» **EXERCISE INSTRUCTIONS**:
Reproduce only this stretch of the listing below: from the line with "プリティーピンク(Pretty Pink)" through the line with "В тур за вакциною.", exactly as written, with pictures excluded.

··· PROVIDED RECORDS ···

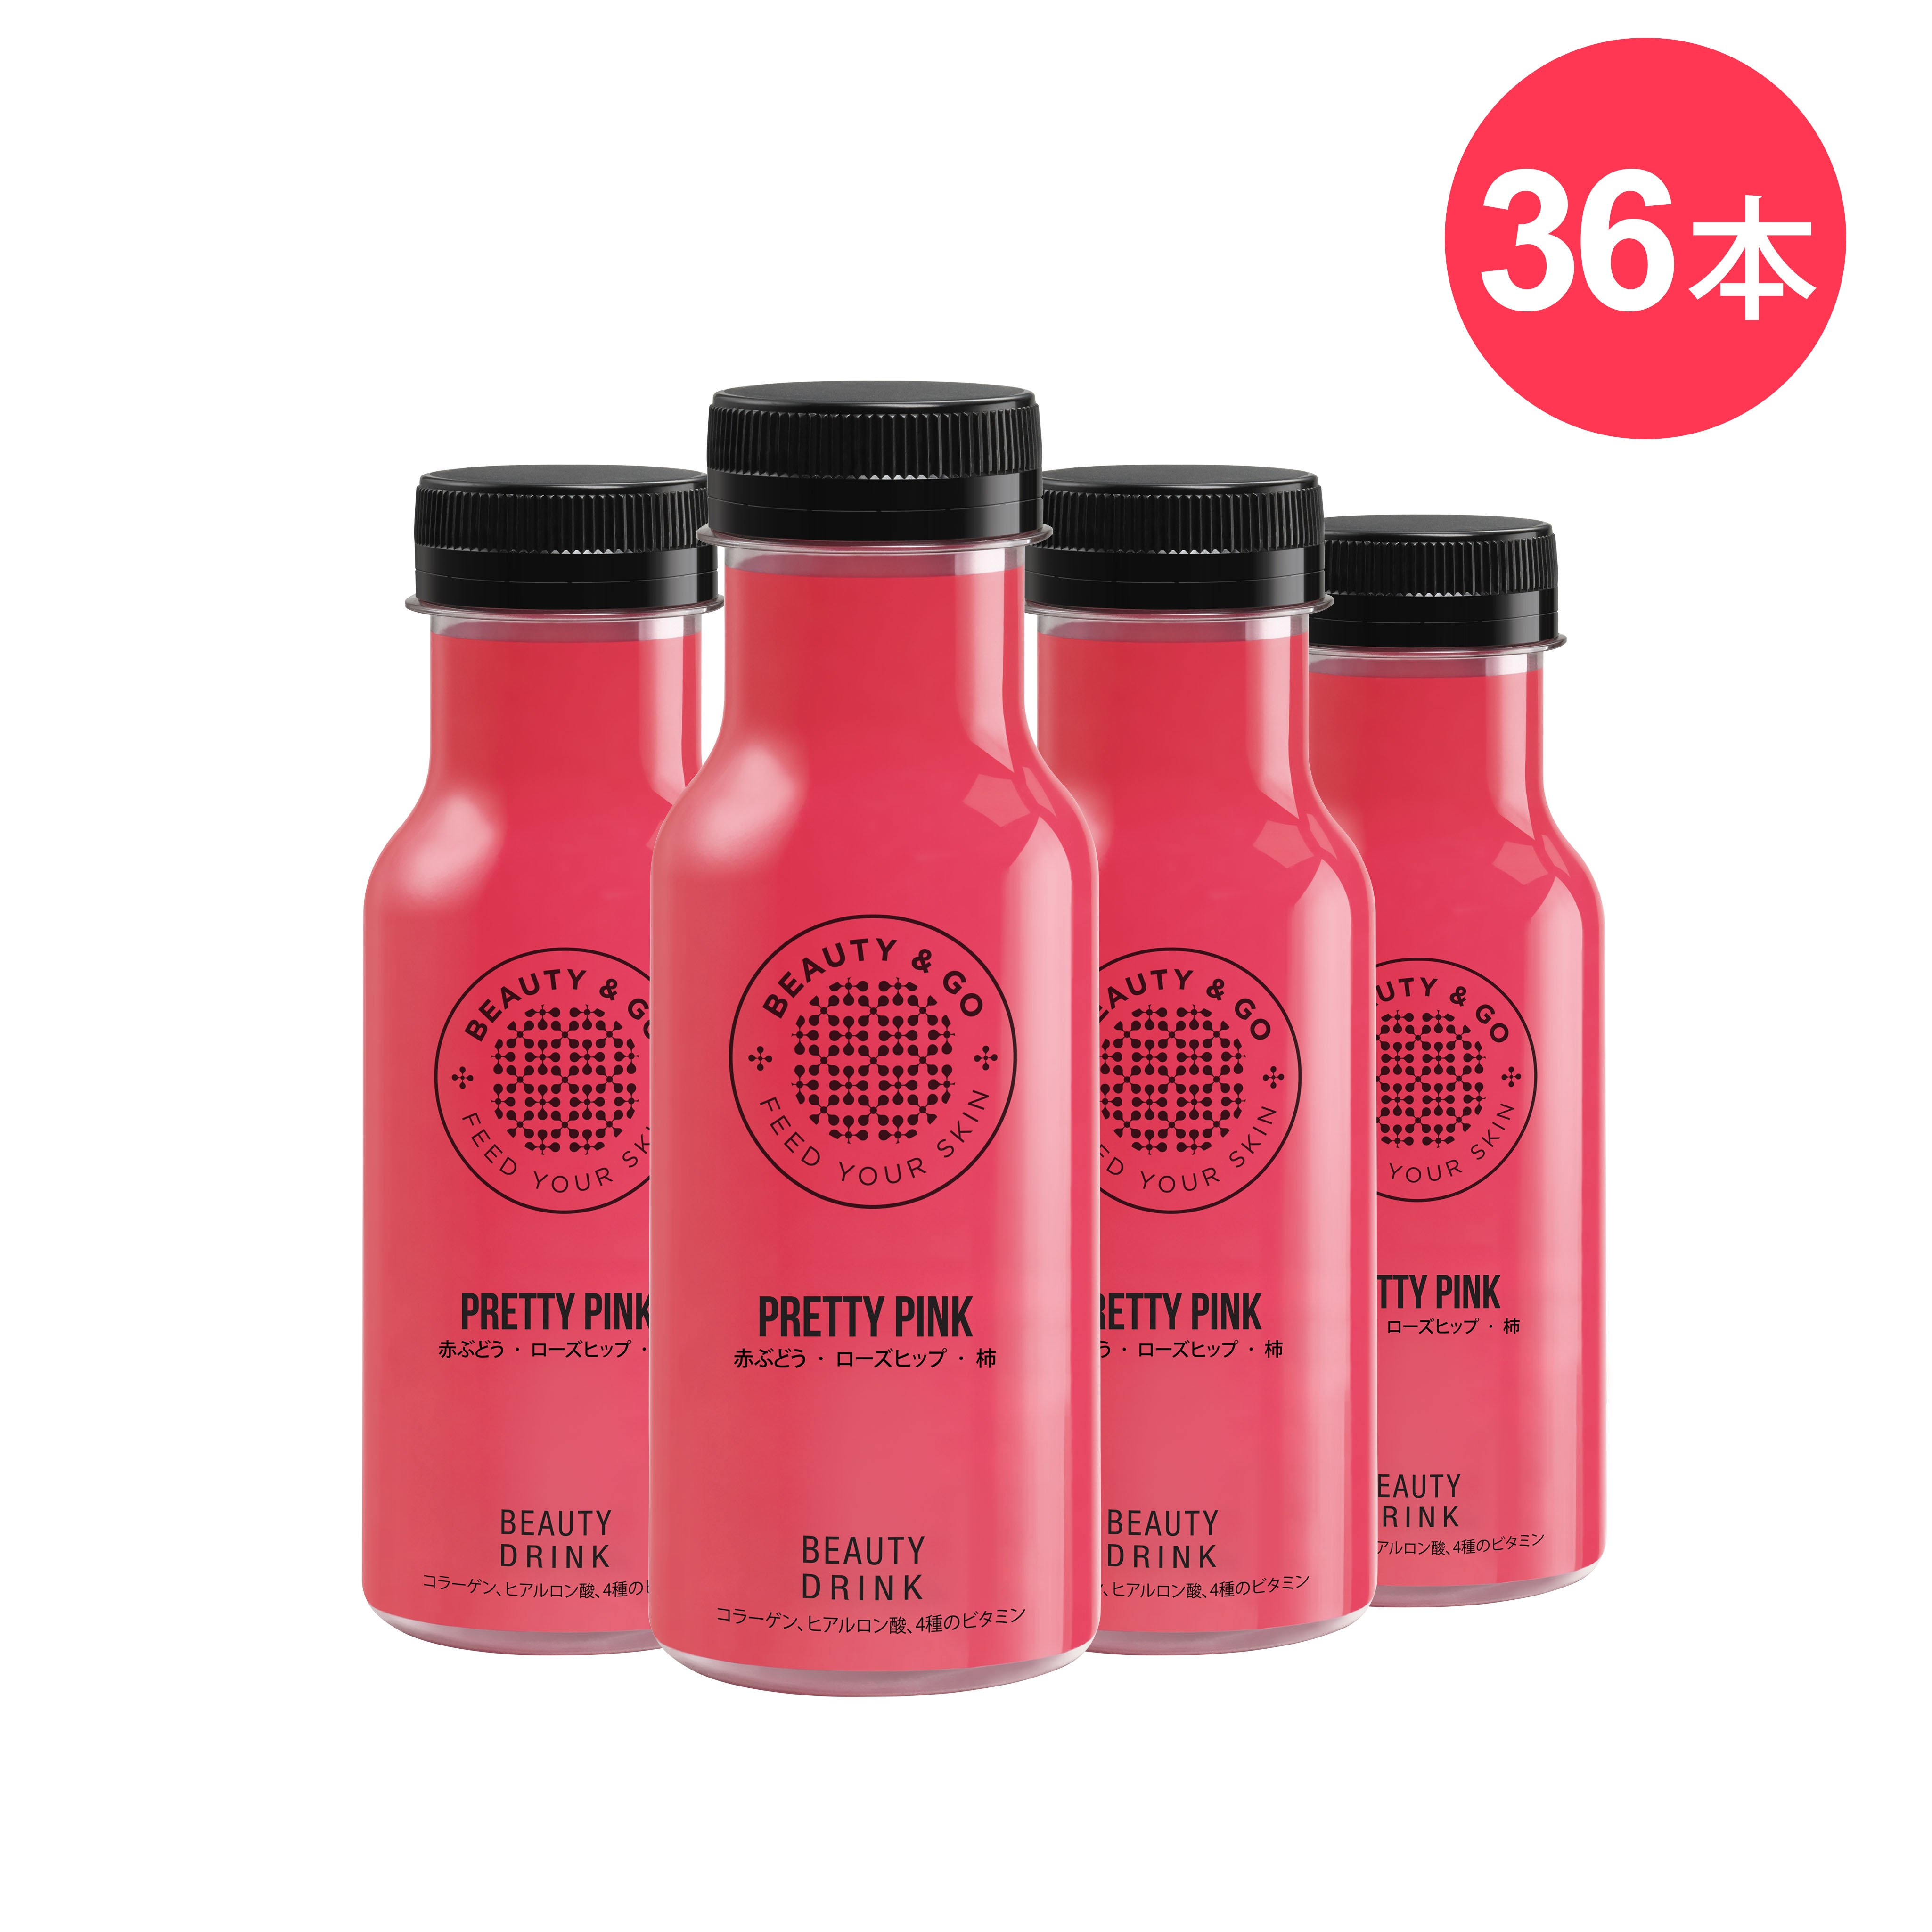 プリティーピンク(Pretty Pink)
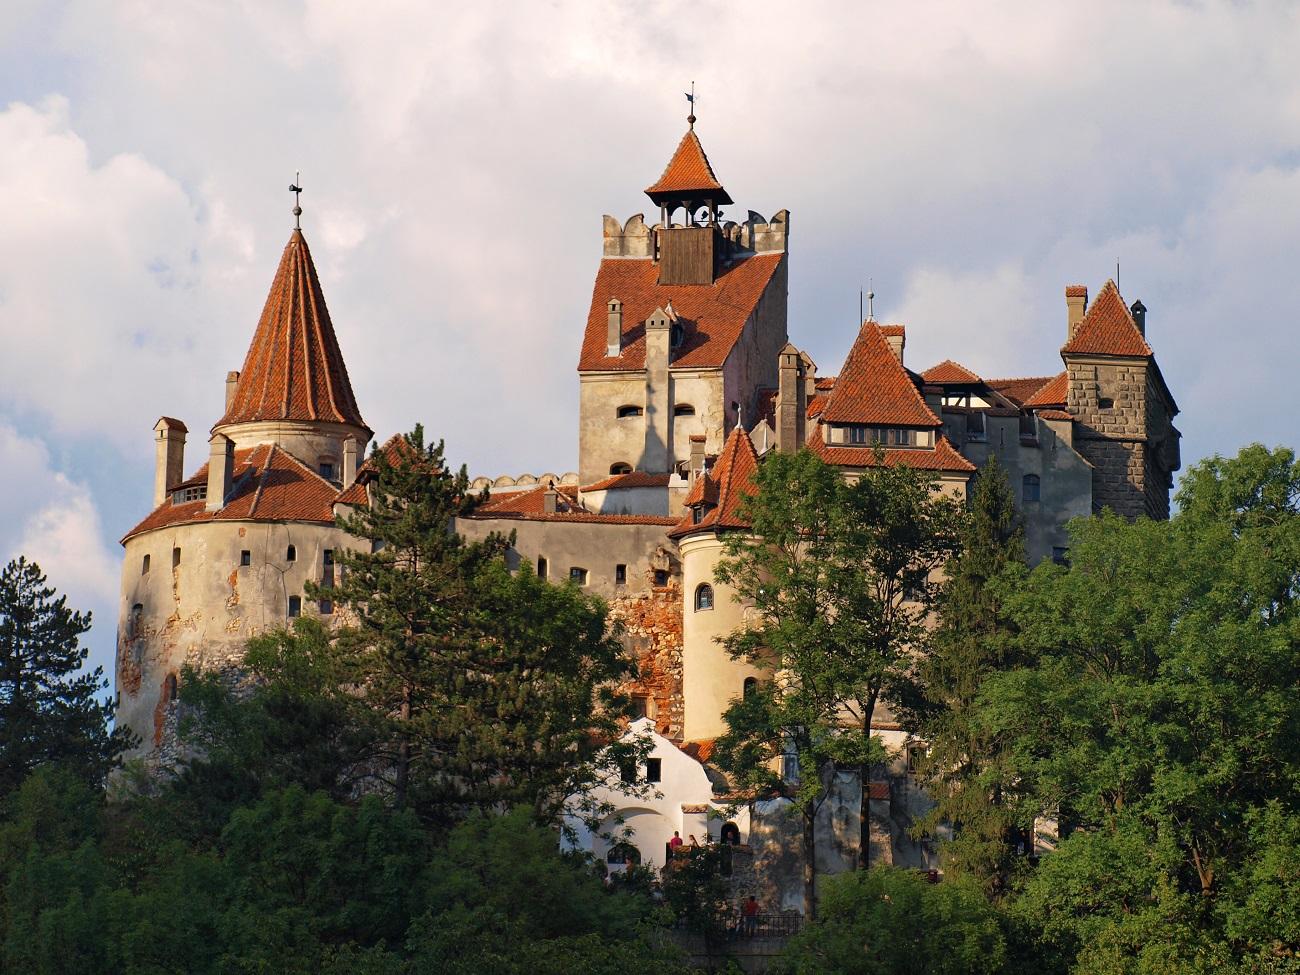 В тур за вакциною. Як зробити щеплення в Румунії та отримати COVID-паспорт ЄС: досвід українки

···
··· PROVIDED RECORDS ···

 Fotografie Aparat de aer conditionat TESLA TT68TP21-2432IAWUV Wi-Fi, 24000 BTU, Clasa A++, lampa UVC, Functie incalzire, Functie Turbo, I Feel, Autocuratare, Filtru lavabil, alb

···
··· PROVIDED RECORDS ···

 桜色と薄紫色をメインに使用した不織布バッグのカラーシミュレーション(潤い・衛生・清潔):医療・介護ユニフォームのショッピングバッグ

···

» **RESULT OF THIS TASK**:
 プリティーピンク(Pretty Pink)
 В тур за вакциною. Як зробити щеплення в Румунії та отримати COVID-паспорт ЄС: досвід українки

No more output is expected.